The analysis of RCM simulations has extended beyond simple averages to include higher-order climate statistics, and has indicated that RCMs can effectively reproduce interannual variability when driven by good quality forcing fields. However, more anlysis and improvements are needed of the model performance in simulating climate variability at short time-scales (daily to sub-daily).
A serious problem concerning RCM evaluation is a general lack of good quality high-resolution observed data. In many areas, observations are extremely sparse due to complex geography or remoteness of settings. In addition, only a little work has been carried out on how to use point measurements to evaluate the grid-box mean values from a climate model, especially when using sparse station networks. This limits the ability to assess model skill in complex terrain and remote regions. It is essential for the advancement of regional climate understanding and modelling, that more research aiming at improving the quality of data for model evaluation is performed.
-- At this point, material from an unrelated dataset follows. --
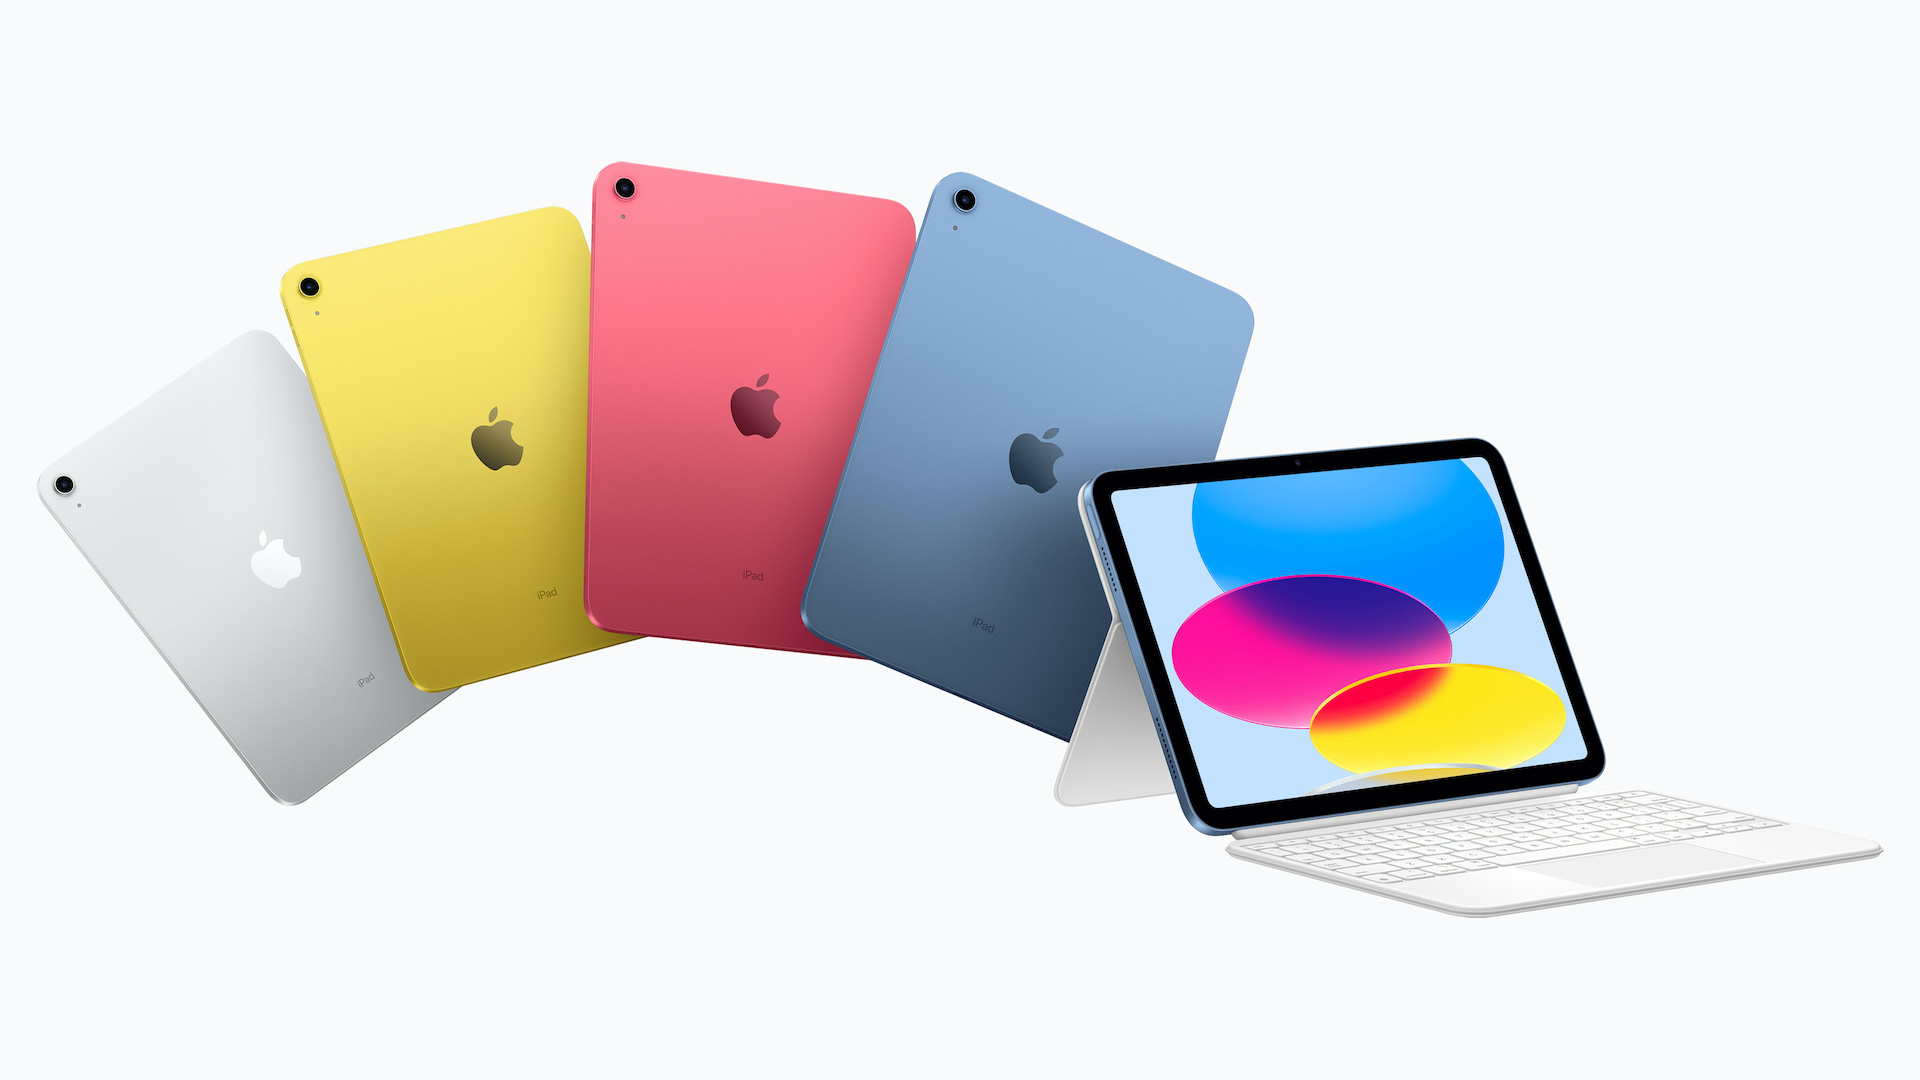 Introducing four vibrant colors for the completely redesigned iPad

Overall, the evidence is strong that regional models consistently improve the spatial detail of simulated climate compared to GCMs because of their better representation of sub-GCM grid scale forcings, especially in regard to the surface hydrologic budget. This is not necessarily the case for region-averaged climate. The increased resolution of RCMs also allows the simulation of a broader spectrum of weather events, in particular concerning higher order climate statistics such as daily precipitation intensity distributions. Analysis of some RCM experiments indicate that this is in the direction of increased agreement with observations.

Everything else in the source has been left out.